GIVEN DATA:
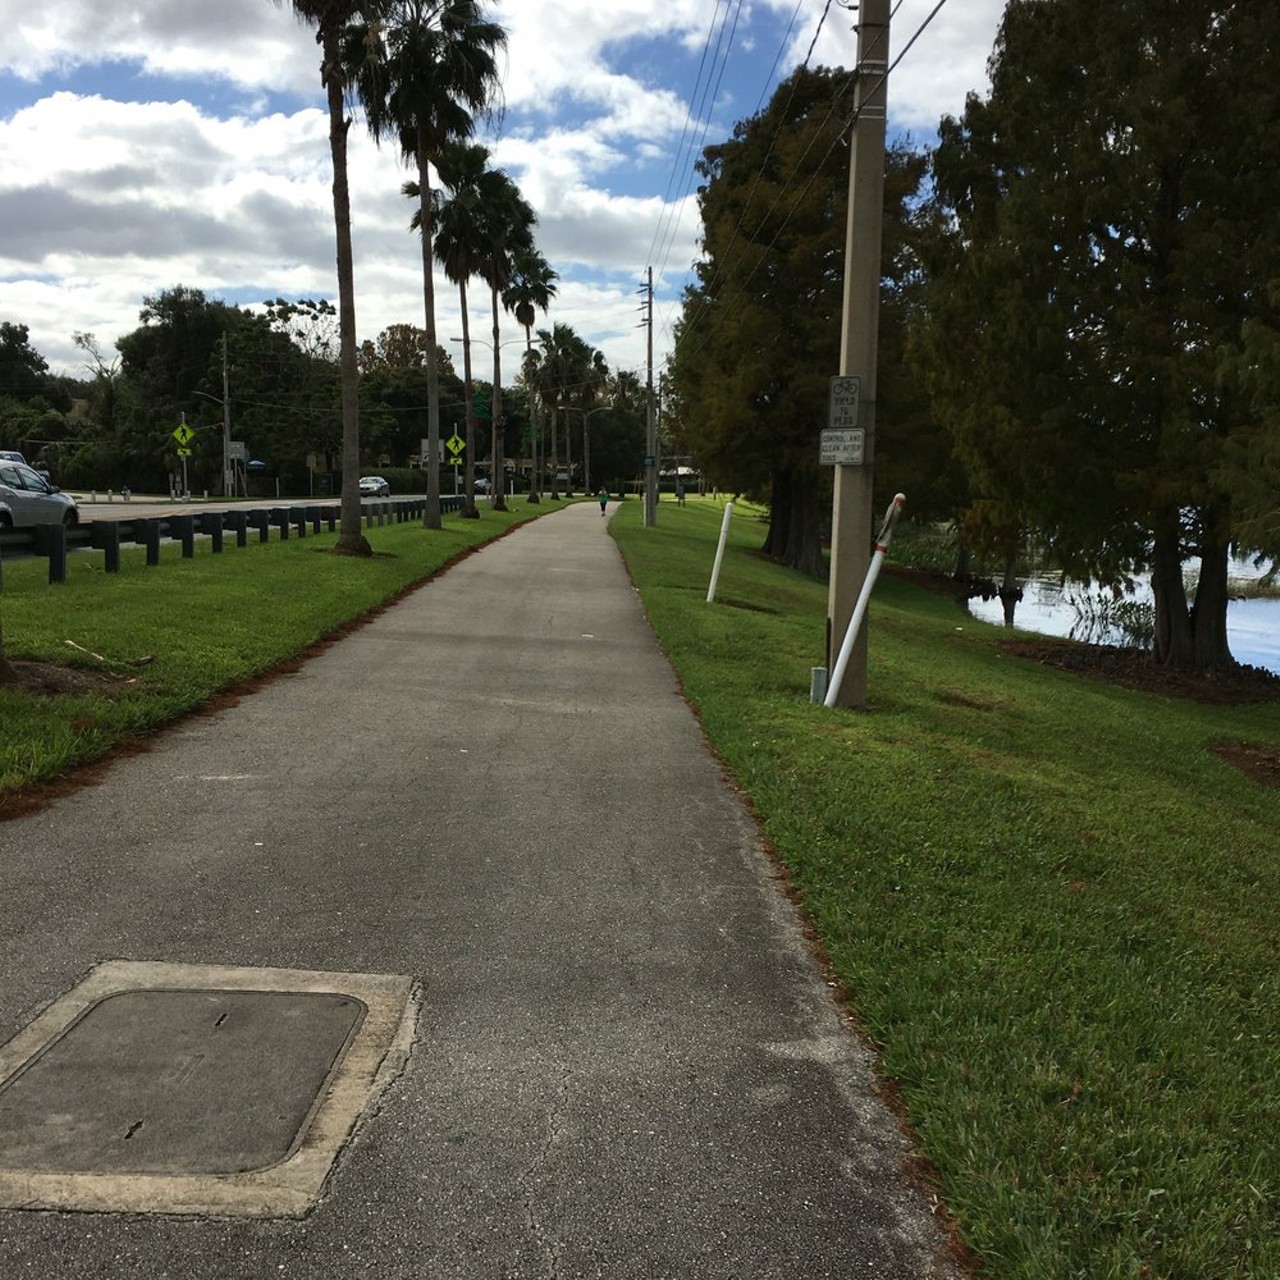 Lake Underhill Path
The Lake Underhill bike path stretches for 2.5 miles and links through four parks: Lake Underhill Park, Orlando Festival Park, Col, Joe Kittinger Park and Park of the Americas. Health buffs also have the option of using the fitness stations scattered throughout the path.
Photo via Tracy E / Yelp
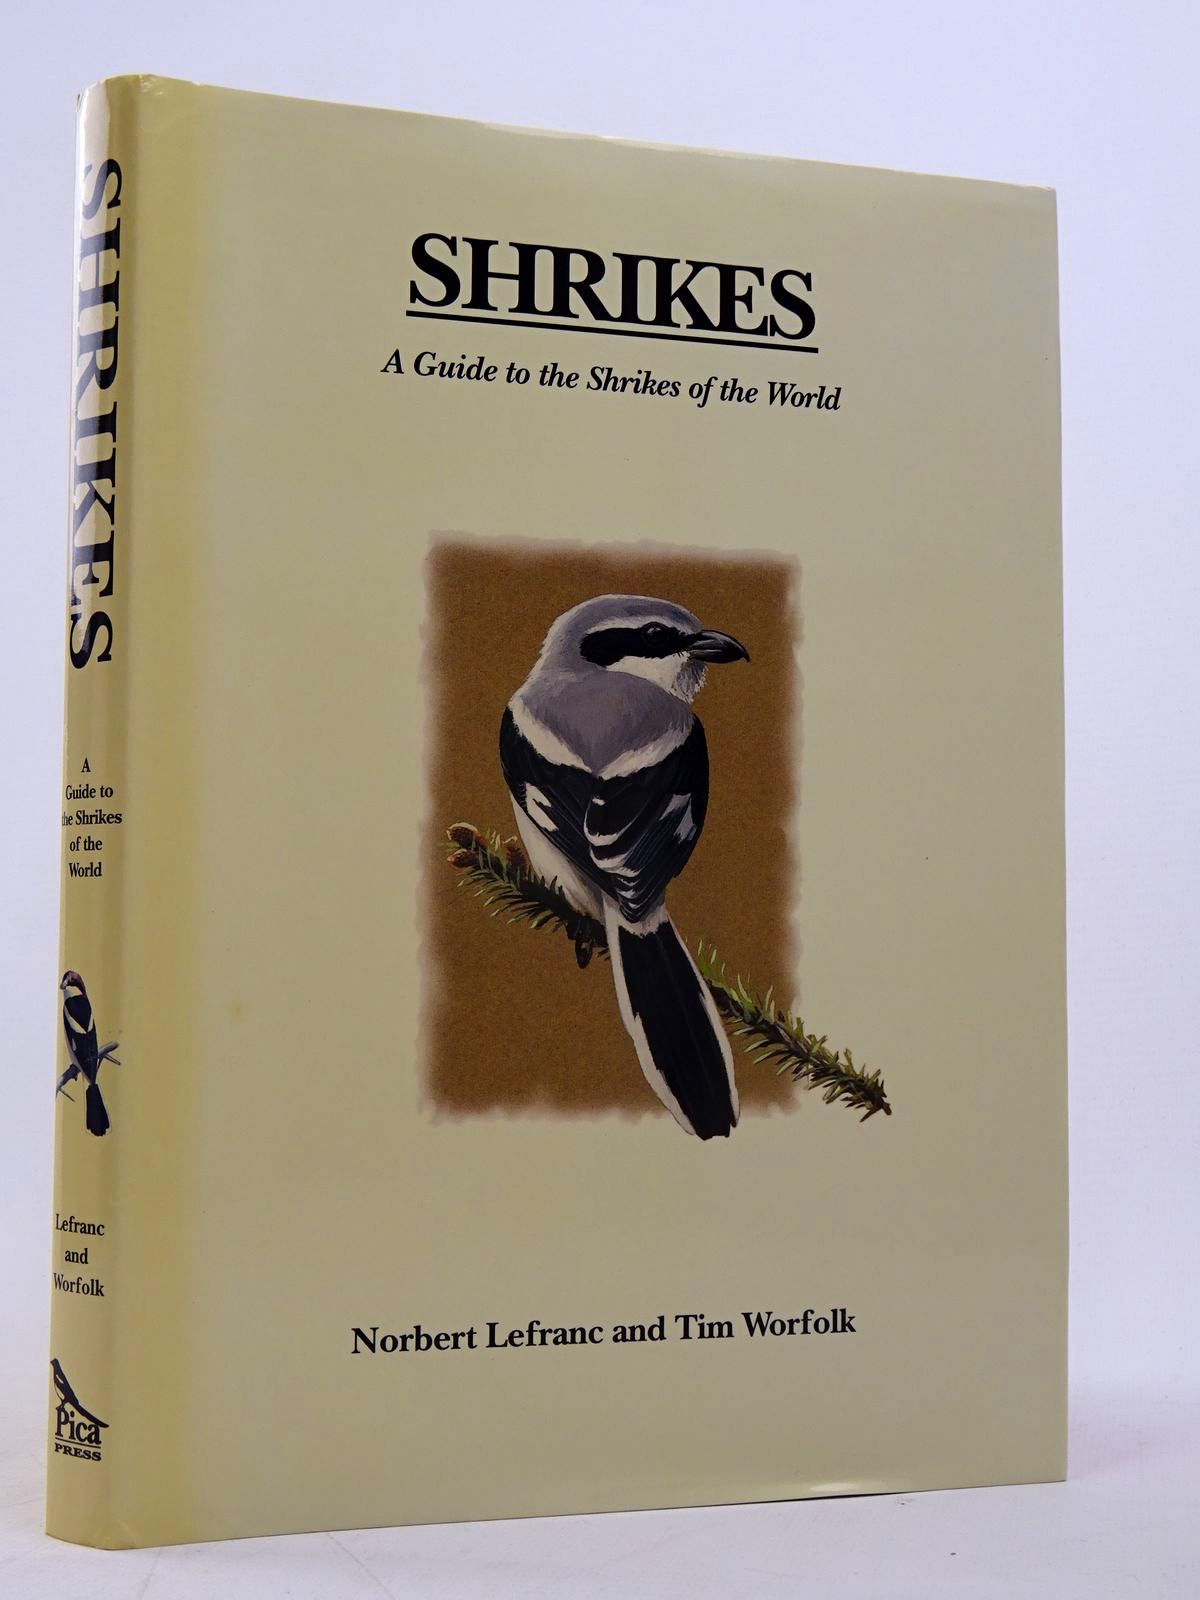 Photo of SHRIKES written by Lefranc, Norbert
Worfolk, Tim published by Pica Press (STOCK CODE: 1817576)  for sale by Stella & Rose's Books
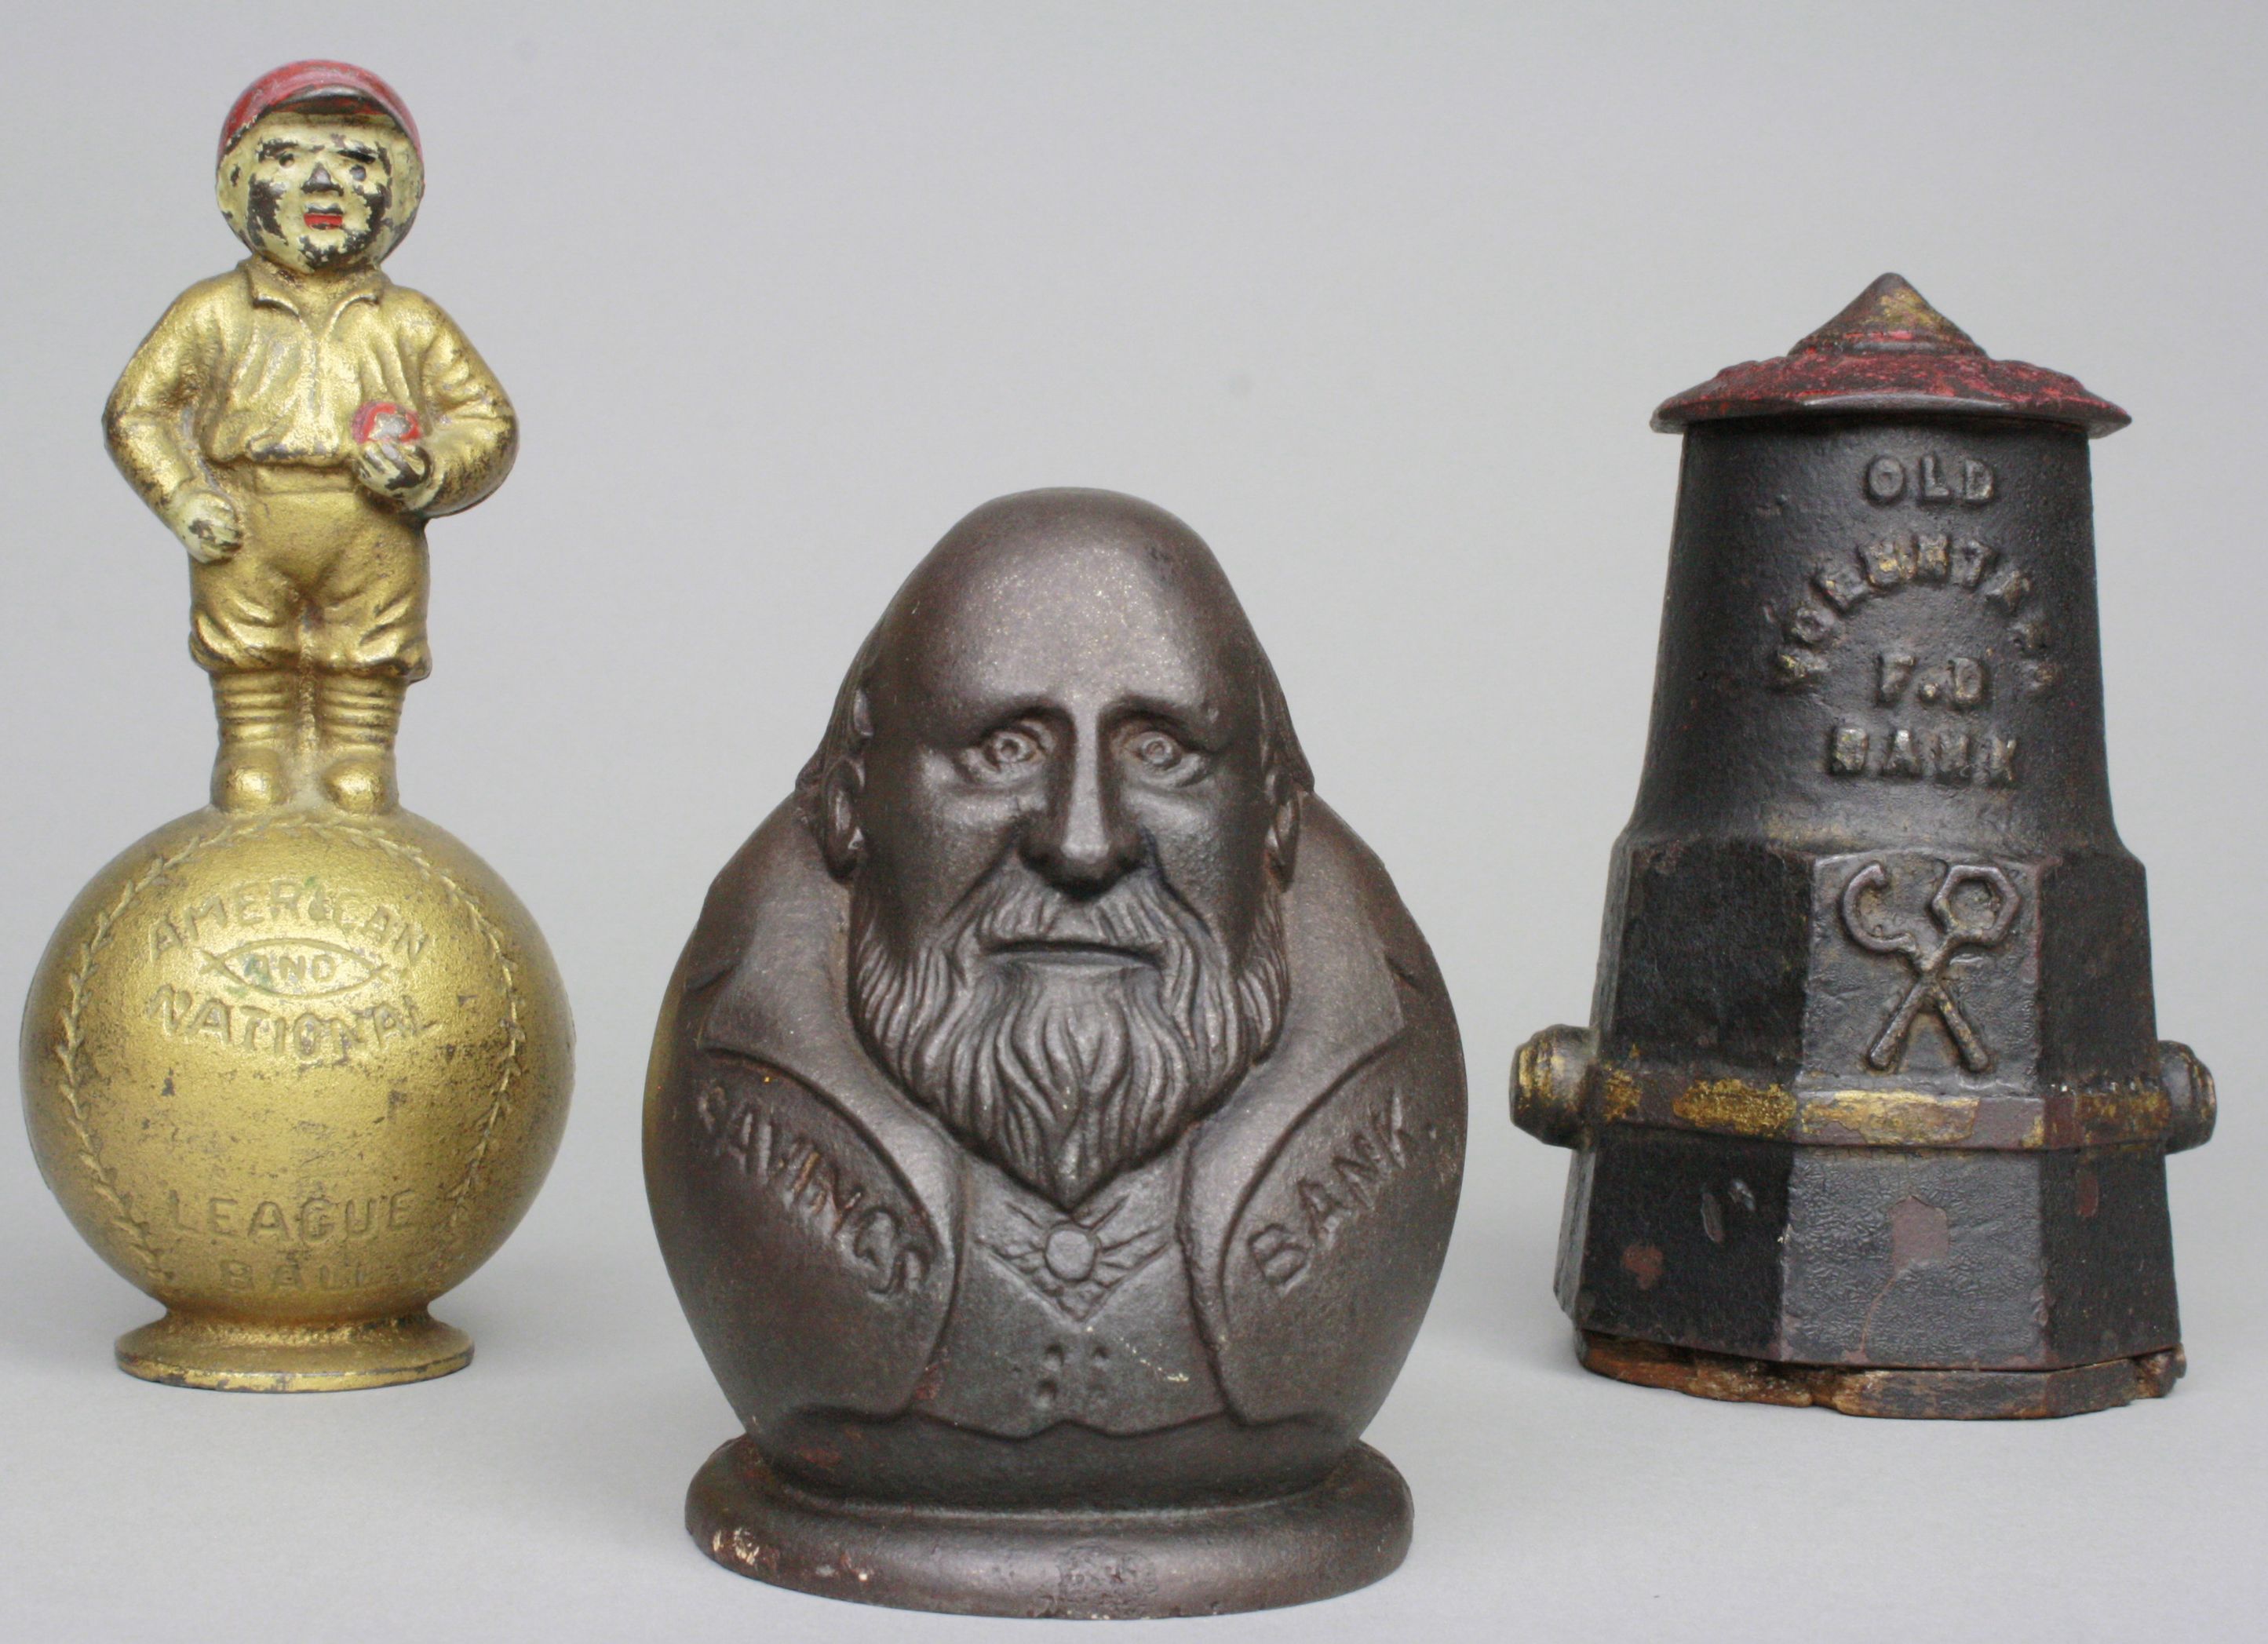 Seldom-seen still banks including (left to right) Mascot, Tammany Tiger, and Old Volunteer F.D. Fire Plug. RSL Auction image

TASK DIRECTIONS: What should come back is an exact copy of the lines above from the line with "Photo via Tracy E / Yelp" to the line with "Worfolk, Tim published", both included, minus the pictures.

WRITTEN SOLUTION:
Photo via Tracy E / Yelp
 Photo of SHRIKES written by Lefranc, Norbert
Worfolk, Tim published by Pica Press (STOCK CODE: 1817576)  for sale by Stella & Rose's Books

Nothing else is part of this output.